Я крайне польщена предложением сшить Вам новое платье, но, увы, вынуждена отказаться: у меня сейчас стало очень плохое зрение, и мне пришлось давно уже бросить работу. Это все очень грустно, но чему быть, того не миновать. Возможно, Ваша подруга могла бы воспользоваться для своего ребенка Вашим платьем? Хорошо, когда крестильные одежды передаются от человека к человеку.

Если Вам случится быть в наших краях, пожалуйста, не откажите в любезности и навестите меня, и обязательно прихватите с собой фотографию Ваших крестин. Мне это доставило бы величайшее удовольствие. С наилучшими пожеланиями счастливого и радостного Рождества.

Искренне Ваша,

Мора Мейхон.

Шарлотта заказала билет на самолет в Корк на шестое января, а потом, немного поразмыслив, решила заказать и машину. Фирма, дававшая в Корке автомобили напрокат, была очень небольшой, и Шарлотту заверили, что для нее оставят самую хорошую машину.

Она собиралась вначале поехать одна, но за два дня до намеченного отъезда к ней в комнату, где она лихорадочно пыталась успеть дочитать то, что должна была прочесть за время рождественских каникул, вошла Георгина с сообщением, что Макс пьян.

– По крайней мере, мне кажется, что пьян. Он как-то очень странно себя ведет.

– Это что, горит сейчас?

– В определенном смысле – да. Папа хочет его прямо сейчас видеть, чтобы договориться о поездке на лыжах в середине семестра, а он лежит в своей комнате пластом и не встает. Папа, если узнает, с ума сойдет.

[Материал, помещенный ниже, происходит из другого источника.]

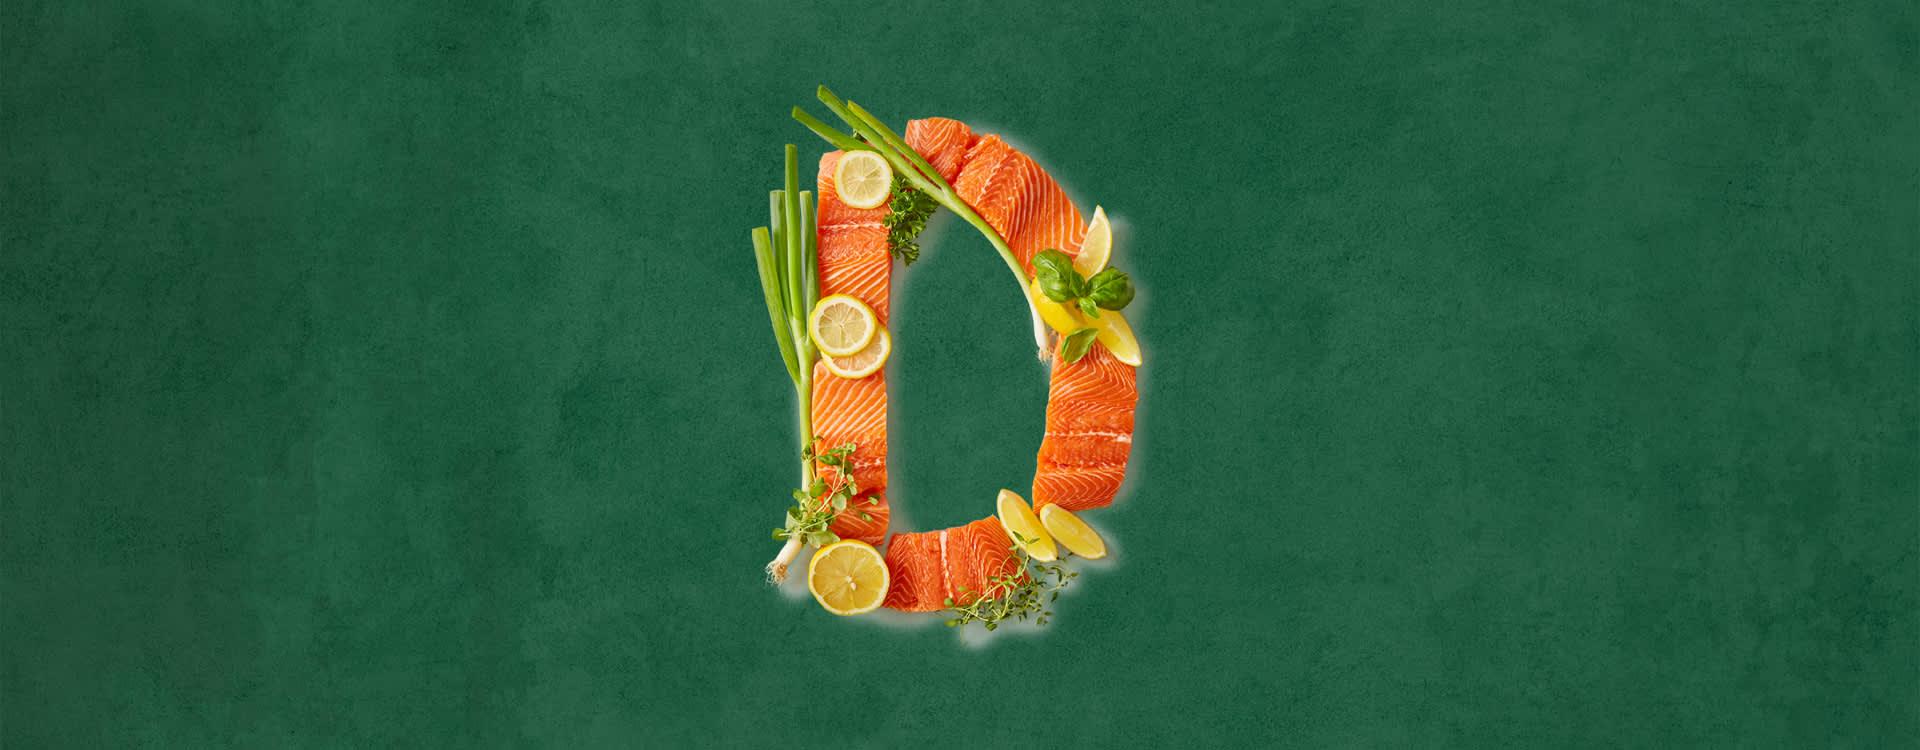 D-vitamin får vi naturlig i alt for lite av. Derfor er det viktig at vi får i oss mengden vi trenger daglig gjennom maten vi spiser.

– Ну ладно, схожу посмотрю, что с ним там. Господи, кошмар, а не человек, – тяжело вздохнула Шарлотта.

– Это верно. Слушай, ты посмотри, что с ним, а я скажу папе, что не нашла его, что он, наверное, гуляет. Сунь ему голову под холодную воду и вообще сделай что-нибудь.

Макс не был пьян, он просто накурился до потери сознания. Шарлотта обнаружила у него в комнате большие запасы конопли, она была разложена в несколько серебристых пакетиков и запрятана под матрасом; как он объяснил, когда она его растолкала, он курил эту травку на протяжении всего Рождества, но осторожно. А сегодня, пребывая в скверном состоянии духа из-за того, что через несколько дней предстояло снова возвращаться в школу, он решил выкурить больше, чем обычно.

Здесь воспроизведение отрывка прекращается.